KellenSunderland commented on a change in pull request #13697: [MKLDNN] Enable 
signed int8 support for convolution.
URL: https://github.com/apache/incubator-mxnet/pull/13697#discussion_r244628057
 
 

 ##########
 File path: example/quantization/imagenet_gen_qsym_mkldnn.py
 ##########
 @@ -140,8 +140,8 @@ def save_params(fname, arg_params, aux_params, 
logger=None):
                              ' thresholds.

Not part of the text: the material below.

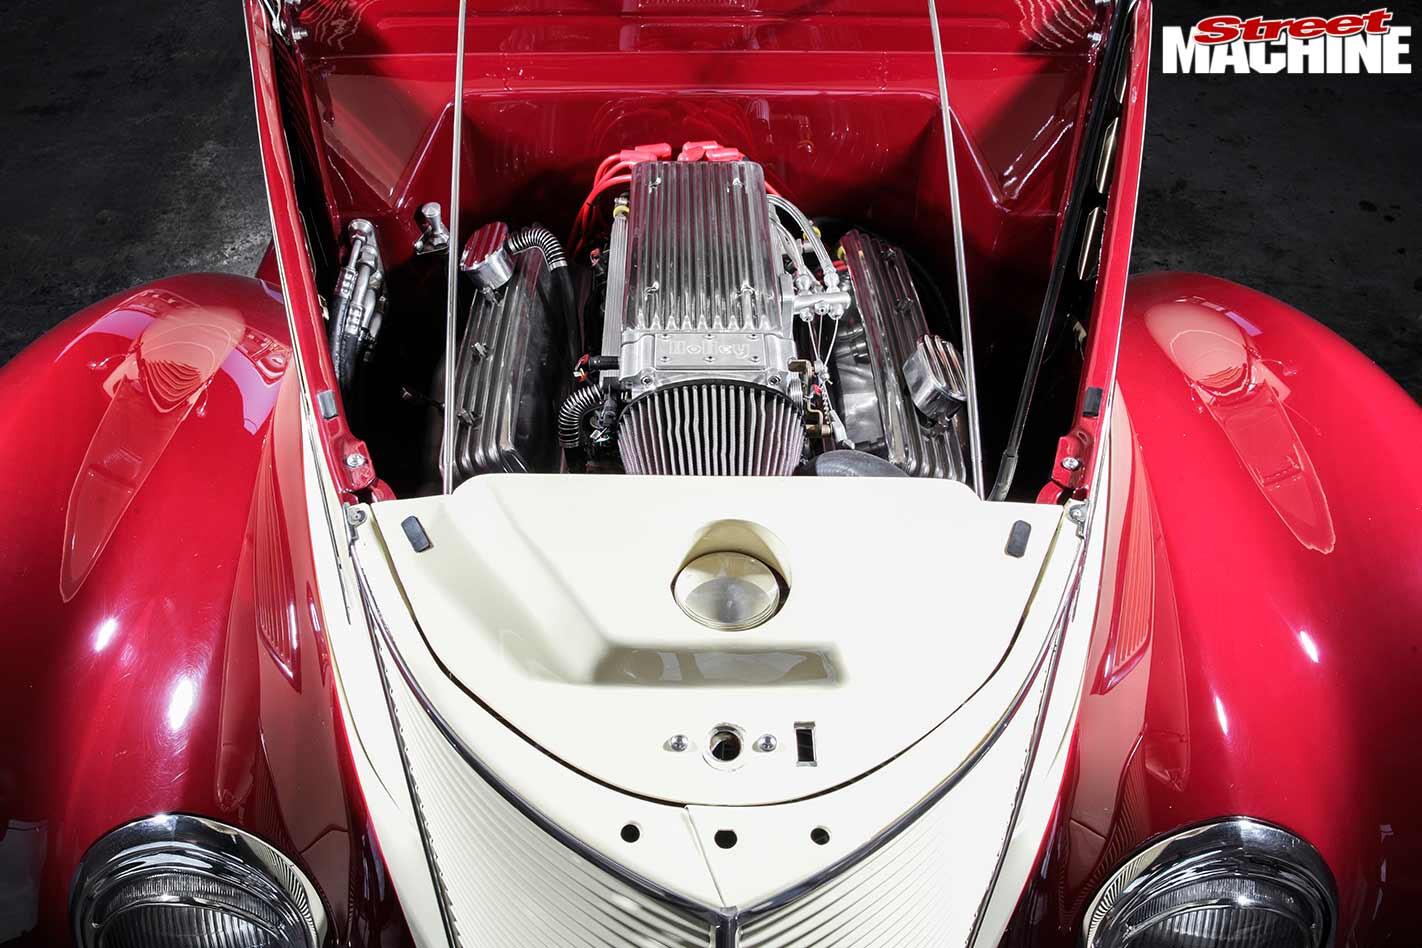 Ford Cabriolet engine bay

This mode is expected to produce 
the best inference accuracy of all three'
                              ' kinds of quantized models if the calibration 
dataset is representative enough of the'
                              ' inference dataset.')
-    parser.add_argument('--quantized-dtype', type=str, default='uint8',
-                        choices=['int8', 'uint8'],
+    parser.add_argument('--quantized-dtype', type=str, default='auto',
 
 Review comment:
   So reading a bit more about this from 
https://intel.github.io/mkl-dnn/ex_int8_simplenet.html 
   
   ```C++
   auto user_src_memory = memory({ { { conv_src_tz }, memory::data_type::f32, 
memory::format::nchw }, cpu_engine }, user_src.data());
   auto conv_src_md = memory::desc( { conv_src_tz }, memory::data_type::u8, 
memory::format::any);
   auto conv_desc = convolution_forward::desc(prop_kind::forward,
           convolution_direct, conv_src_md, conv_weights_md, conv_bias_md,
           conv_dst_md, conv_strides, conv_padding, conv_padding,
           padding_kind::zero);
   auto conv_prim_desc = convolution_forward::primitive_desc(conv_desc, 
conv_attr, cpu_engine);
   auto conv_src_memory = memory(conv_prim_desc.src_primitive_desc());
   auto src_reorder_pd = 
reorder::primitive_desc(user_src_memory.get_primitive_desc(), 
conv_src_memory.get_primitive_desc(), src_attr);
   ```
   
   am I understanding correctly that we can convert from an fp32 input (with 
negative values) to uint8 via a reorder primitive.  Do we do this for the first 
negative input into subgraphs handled by mkldnn?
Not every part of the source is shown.